How Sexual Orientation, Religion And Handicap Affect Child Custody

Posted by: Gerald A. Maggio, Esq.

Orange-County-child-custody-attorneys; California Divorce MediatorsIn a child custody case, people sometimes wonder if a parent’s sexual orientation, physical handicap, or religious beliefs have an impact or effect on child custody.

Sexual Orientation

It is fair to say that Orange County, California has been known as having residents often with conservative beliefs. It is widely known that the officials, elected representatives, and courts have traditionally leaned towards conservative views. Yet, does it play a role in determining child custody? Since 1998, the Courts in California have held that homosexuality of a parent cannot be a determining factor alone in a child custody case. The judges in the courts deem heterosexual or homosexual behaviors irrelevant to the child custody because child custody depends on the betterment of the child. Unless the sexual conduct poses any real threat to the child, it is regarded as the parent’s private matter.

Religious Practices

This is another factor that is more a myth than a factor. Orange County family law courts are not allowed to deny custody or visitation to any parent because of their religious beliefs.

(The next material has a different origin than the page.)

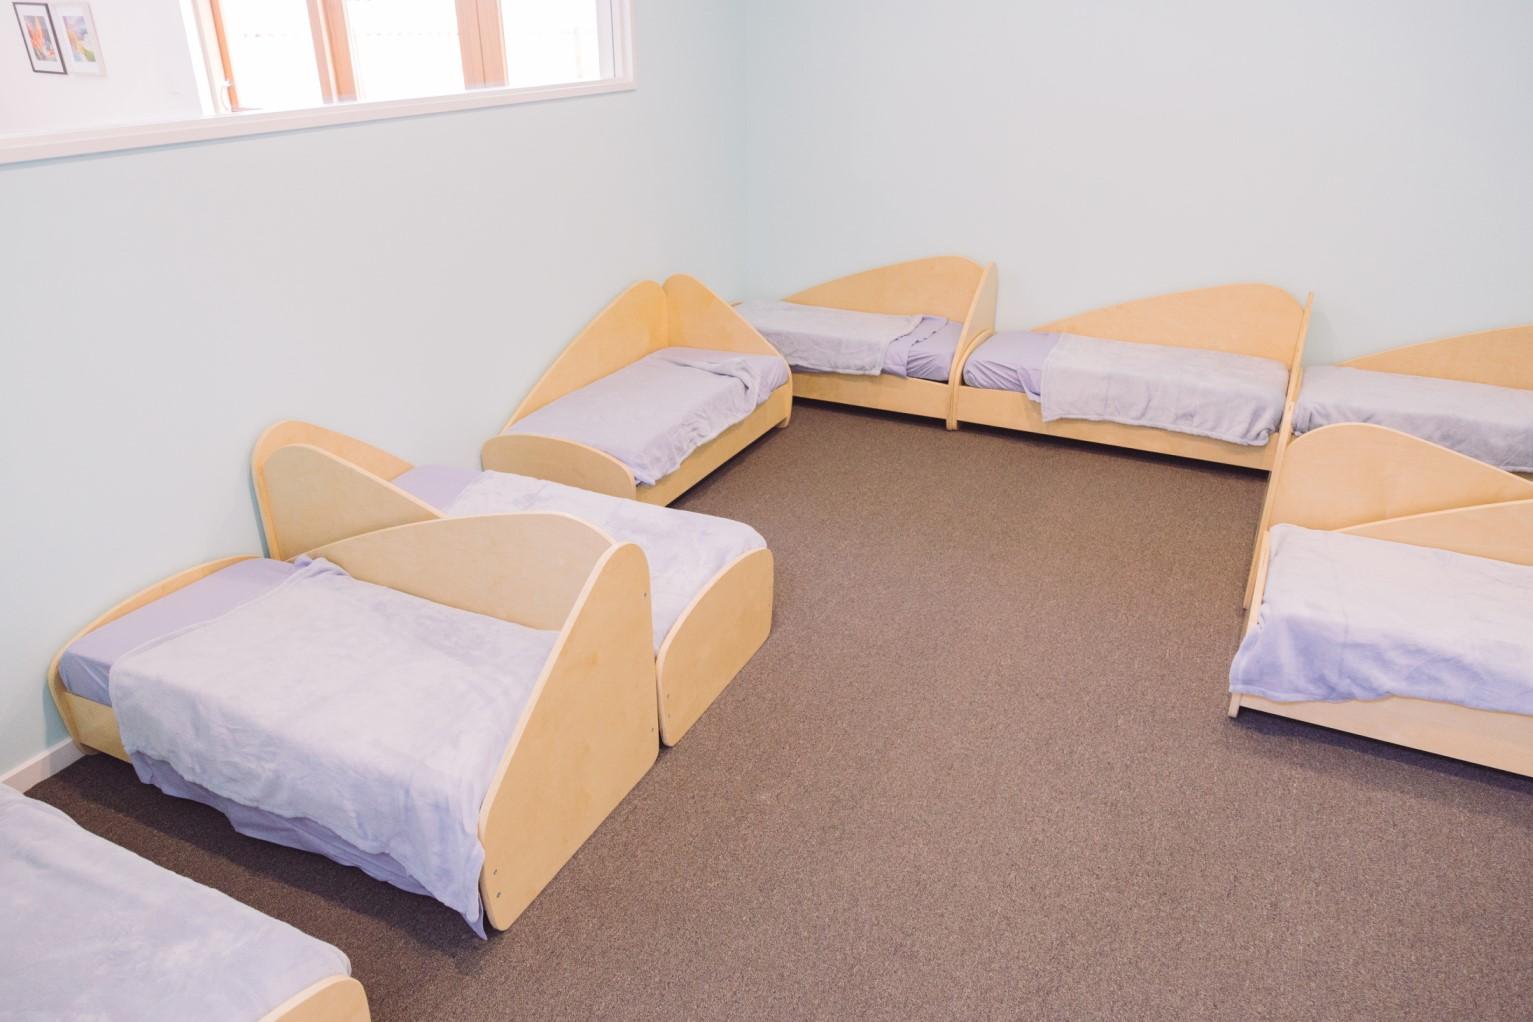 sleepingroom grow activeSpace Saver Wooden Bed with Mattress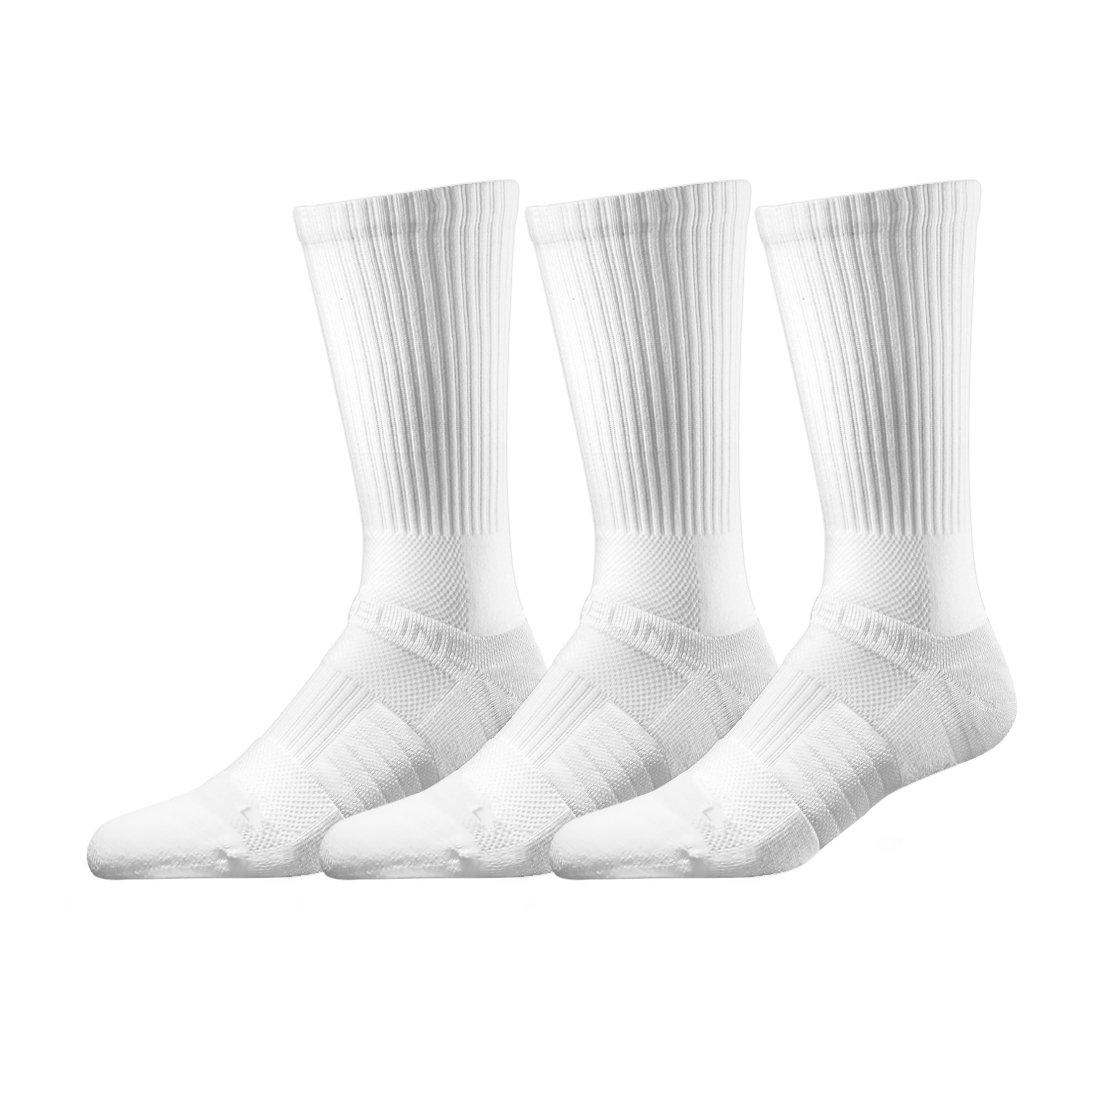 Strideline Standard Issue Crew 3-Pack, One Size, Standard, White N013330

There is, however, one condition. If the religious beliefs pose a threat to the child, that may be a reason against granting child custody to that parent. Courts are also open to let parents talk to their children about their practices as long as the religious practice involves no kind of illegal activity. The courts follow these rules because the U.S. Constitution’s 1st Amendment protects the religious beliefs of the individual.

Physical Handicap

Can physical disability of a parent be used as a means or argument to stop the child custody being awarded to someone? That’s definitely not the case.  Disability can be considered in combination with other reasons to decide child custody issues, but only basing child custody decisions on disability is forbidden. The thing that courts have to consider is whether the parent can care for the child or not. If the parent, despite his/her disability, can care for the child, there is no reason for the court to not grant him or her child custody.